By Niyati Shetty
(Reuters) – Westpac Banking Corp (AX:) said on Tuesday Chief Executive Brian Hartzer will step down and Chairman Lindsay Maxsted will bring forward his retirement, as the country’s biggest money-laundering scandal rocks Australia’s No.2 retail bank.
Financial crime regulator AUSTRAC last week accused Westpac of 23 million breaches of anti-money laundering laws, including allowing payments between known child exploiters, triggering calls for Hartzer’s resignation.
Australian Prime Minister Scott Morrison had called on the bank’s board to consider the CEO’s future, and along with Home Affairs Minister Peter Dutton and Attorney General Christian Porter joined investors, analysts and human rights campaigners in criticizing Westpac for enabling the payments at the center of the crisis.
“We sought feedback from all our stakeholders including shareholders and having done so it became clear that Board and management changes were in the best interest of the Bank,” Maxsted said in a statement.
Maxsted confirmed he will bring forward his retirement to the first half of 2020.
The departure appears to be an abrupt change of mind for Hartzer, who the previous day canceled end-of-year parties but assured staff “this is not a major issue”, according to The Australian newspaper.

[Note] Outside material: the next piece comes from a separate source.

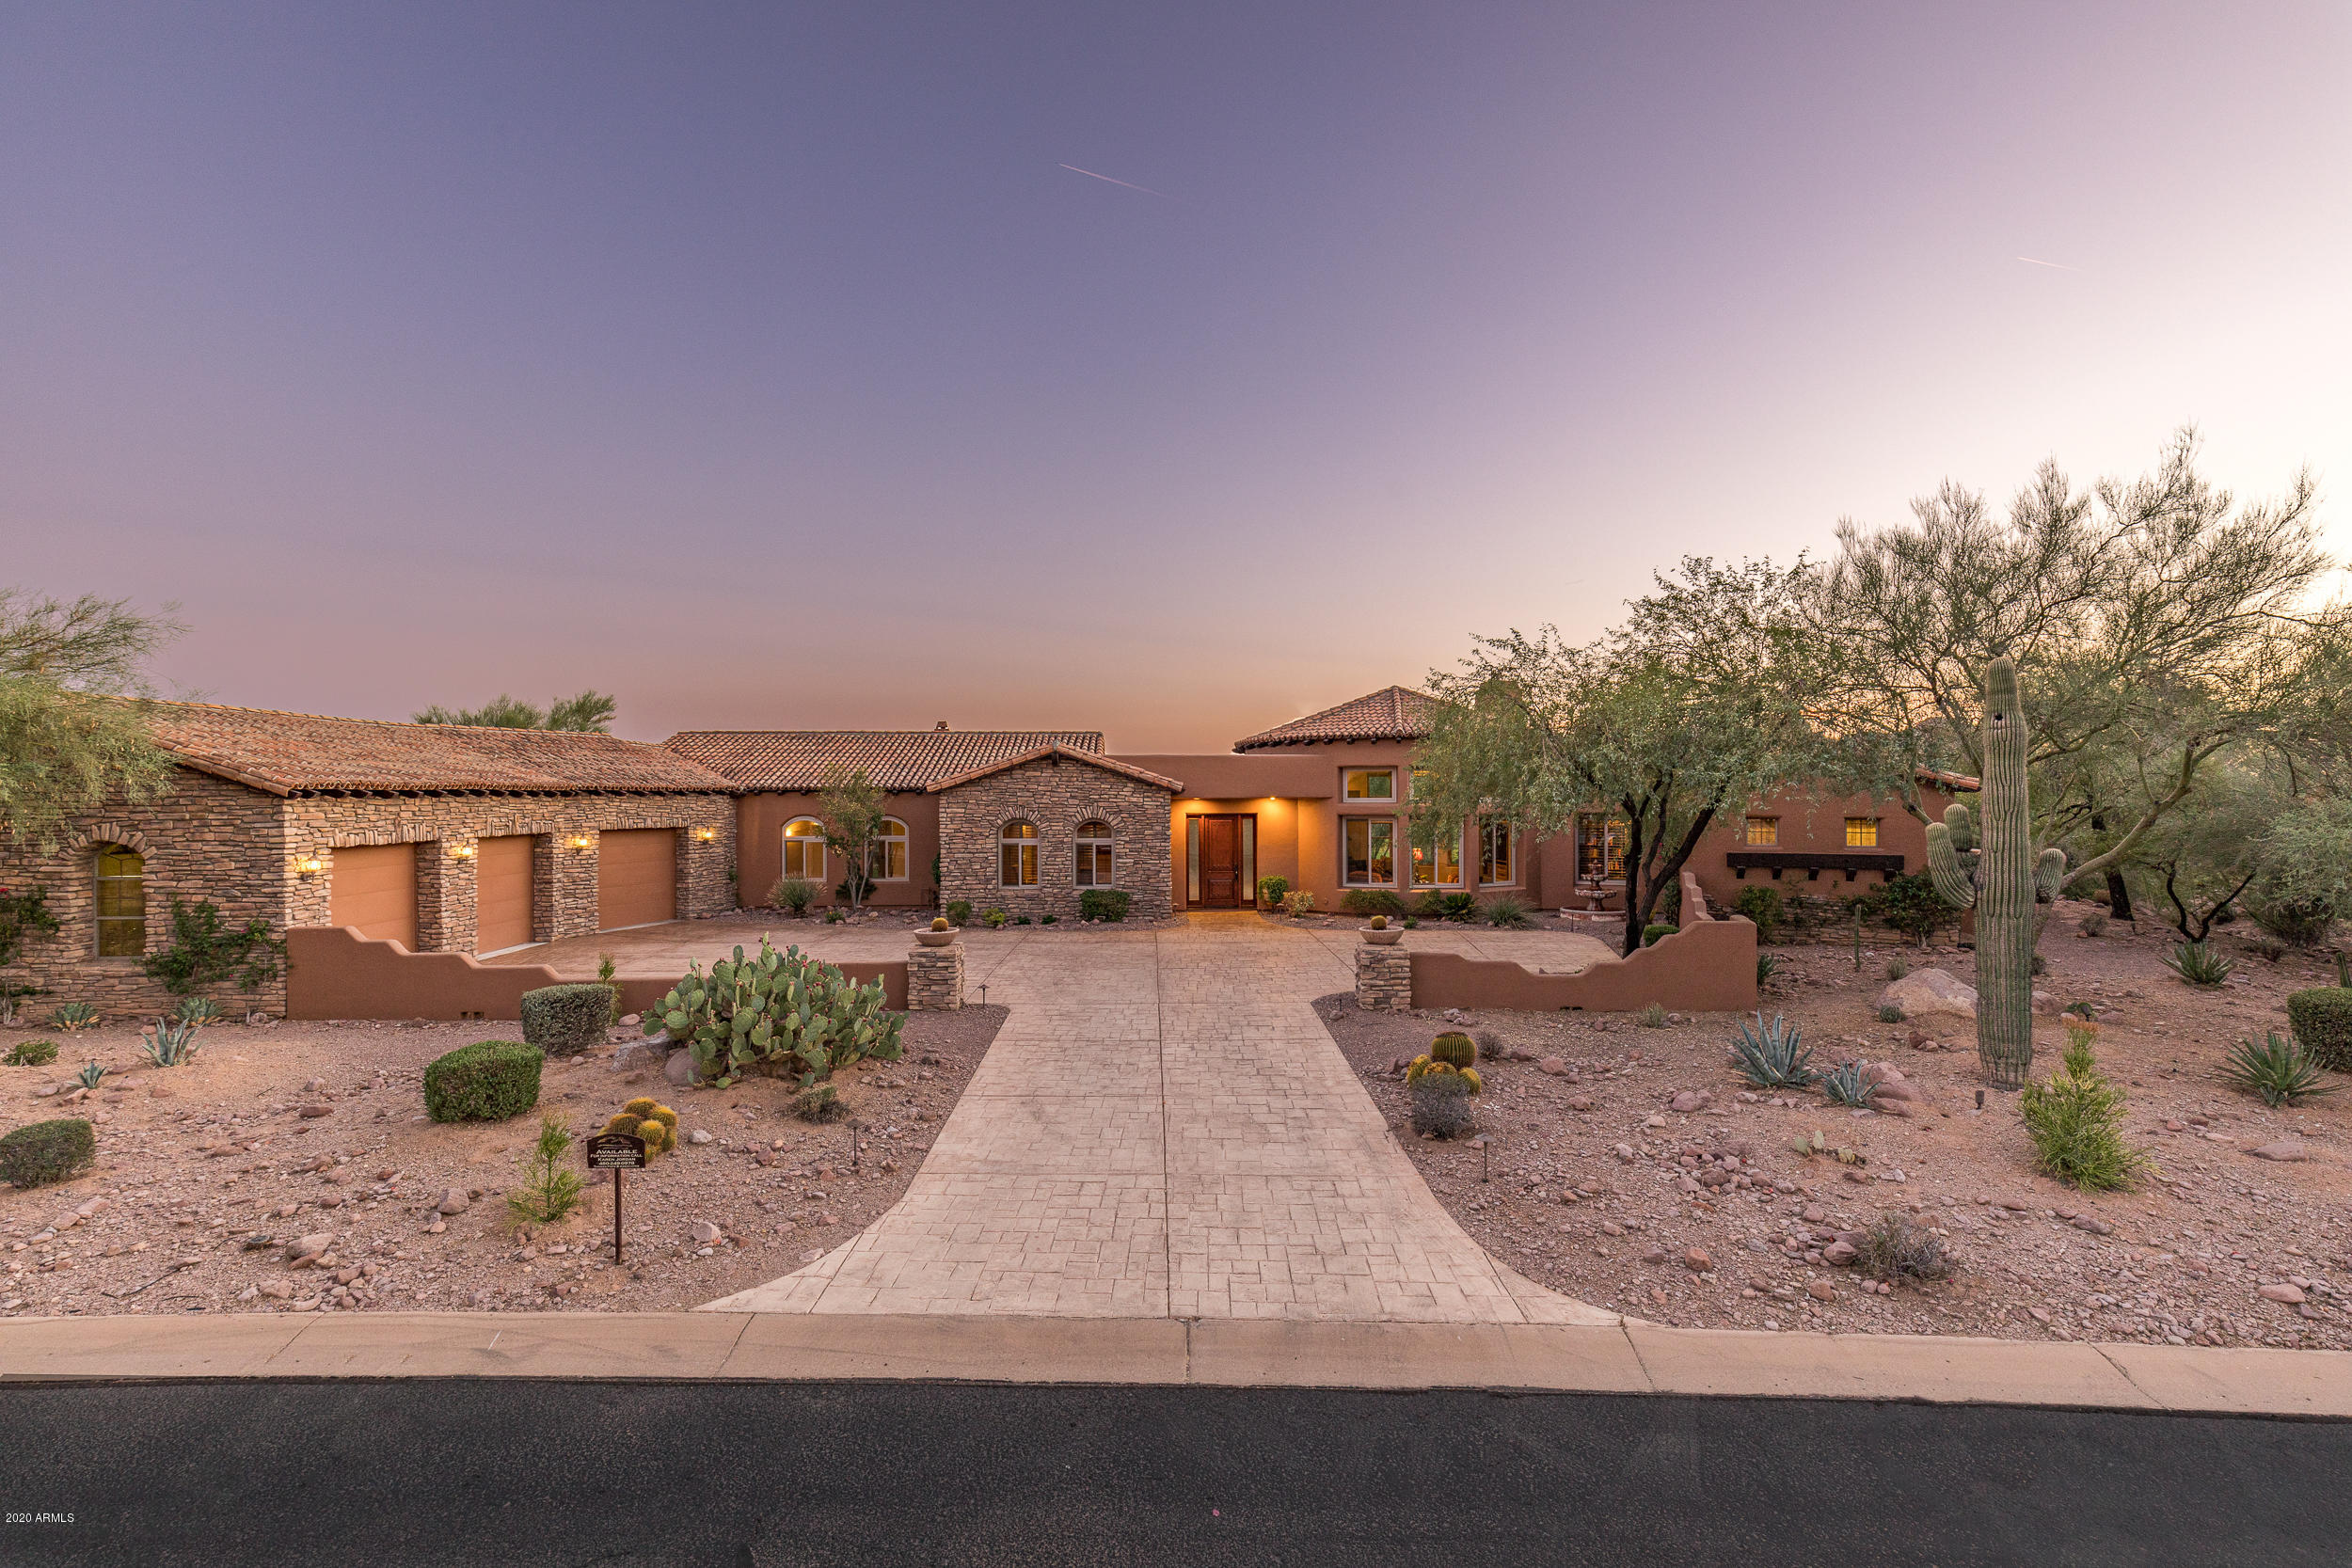 MLS 6131700 7081 E JUNIPER VILLAGE Drive, Gold Canyon, AZ 85118 Gold Canyon AZ 3 or More Car Garage

In interviews with local media at the weekend, Maxsted had said firing Hartzer during the crisis would be destabilizing for the company.
Hartzer has been with the company for more than seven years, taking over as CEO and managing director in 2015.
Chief Financial Officer Peter King will take over as acting CEO of Australia’s oldest bank, effective Dec. 2. The bank has an annual general meeting scheduled for Dec. 12.
Westpac shares closed down 1.3% on Monday, taking the total losses to about A$7.5 billion off market capitalization in the four days of trading since the lawsuit was announced.
A Westpac spokesman was not immediately available for a comment on Tuesday.
FINANCE SECTOR CASUALTIES PILE ON
Hartzer’s resignation is the latest in a long line of executive departures from a financial sector that has been under heavy scrutiny since a bruising public inquiry found rampant profiteering in the industry.
Larger rival Commonwealth Bank of Australia (AX:) was accused of similar breaches by AUSTRAC in 2017, resulting in a record A$700 million penalty and prompting the bank to bring forward its CEO Ian Narev’s retirement.(https://reut.rs/2O7qakK)
Financial planner AMP Ltd (AX:) lost its CEO, chair and several board members during the Royal Commission inquiry over accusations of doctoring a supposedly independent report to a regulator, while wealth manager IOOF Holdings (AX:) lost its CEO and chair over accusations in the inquiry of improperly using retiree money to prop up investment losses.
A separate legal action by a regulator found the IOOF bosses had not broken any laws.
In February, soon after the Royal Commission final report was published, the CEO and chair of No. 3 lender National Australia Bank (AX:) stood down after being singled out in the document for failing to accept responsibility for the bank’s wrongdoings.